| DATASET |
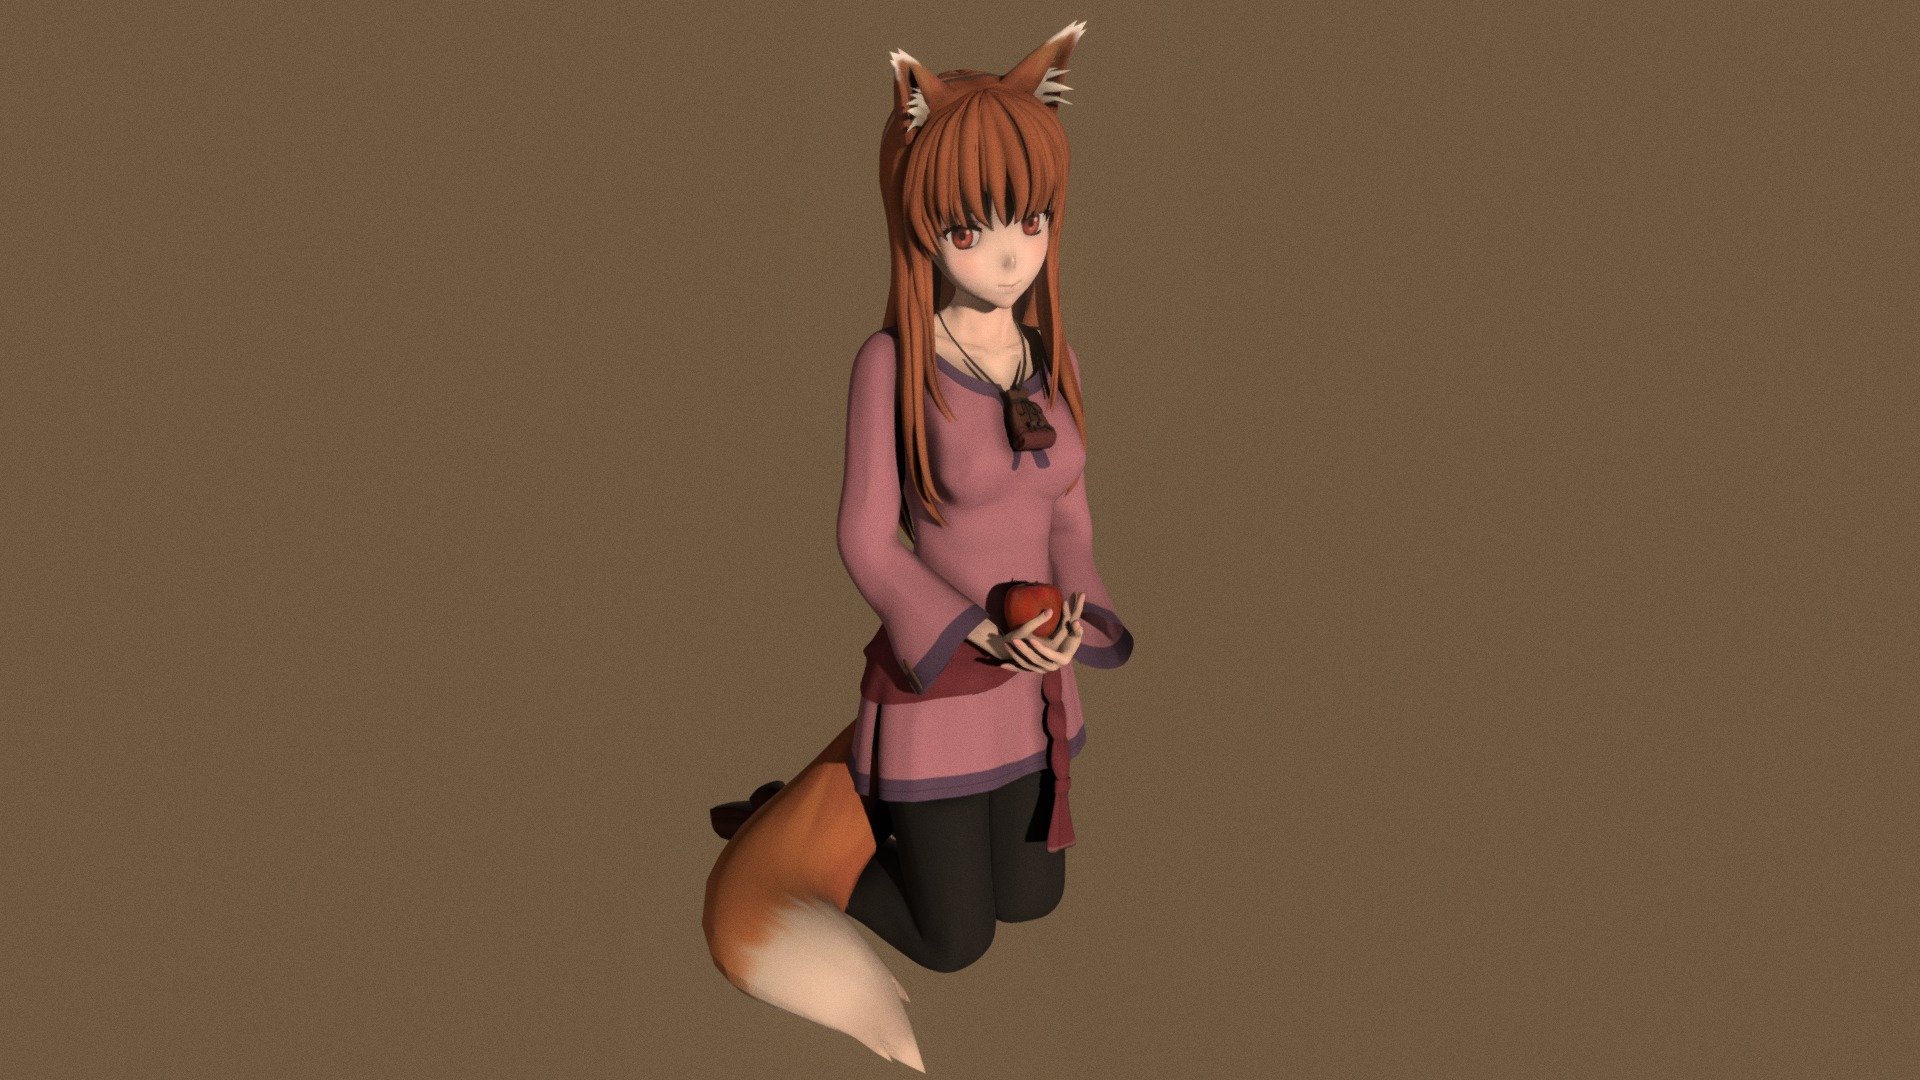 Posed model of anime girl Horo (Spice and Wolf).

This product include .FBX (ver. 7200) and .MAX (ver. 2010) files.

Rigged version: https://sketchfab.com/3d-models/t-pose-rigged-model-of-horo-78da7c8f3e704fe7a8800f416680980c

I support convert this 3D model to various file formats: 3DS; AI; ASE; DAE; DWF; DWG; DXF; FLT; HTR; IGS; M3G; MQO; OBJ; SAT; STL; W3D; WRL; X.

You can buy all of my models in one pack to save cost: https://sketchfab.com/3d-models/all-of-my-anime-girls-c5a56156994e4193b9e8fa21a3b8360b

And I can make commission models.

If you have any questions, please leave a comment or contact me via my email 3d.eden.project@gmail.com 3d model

| DIRECTIONS FOR THIS TASK |
All the records need to be printed again exactly as written, though without their pictures.

| SOLUTION FOR THIS TASK |
 Posed model of anime girl Horo (Spice and Wolf).

This product include .FBX (ver. 7200) and .MAX (ver. 2010) files.

Rigged version: https://sketchfab.com/3d-models/t-pose-rigged-model-of-horo-78da7c8f3e704fe7a8800f416680980c

I support convert this 3D model to various file formats: 3DS; AI; ASE; DAE; DWF; DWG; DXF; FLT; HTR; IGS; M3G; MQO; OBJ; SAT; STL; W3D; WRL; X.

You can buy all of my models in one pack to save cost: https://sketchfab.com/3d-models/all-of-my-anime-girls-c5a56156994e4193b9e8fa21a3b8360b

And I can make commission models.

If you have any questions, please leave a comment or contact me via my email 3d.eden.project@gmail.com 3d model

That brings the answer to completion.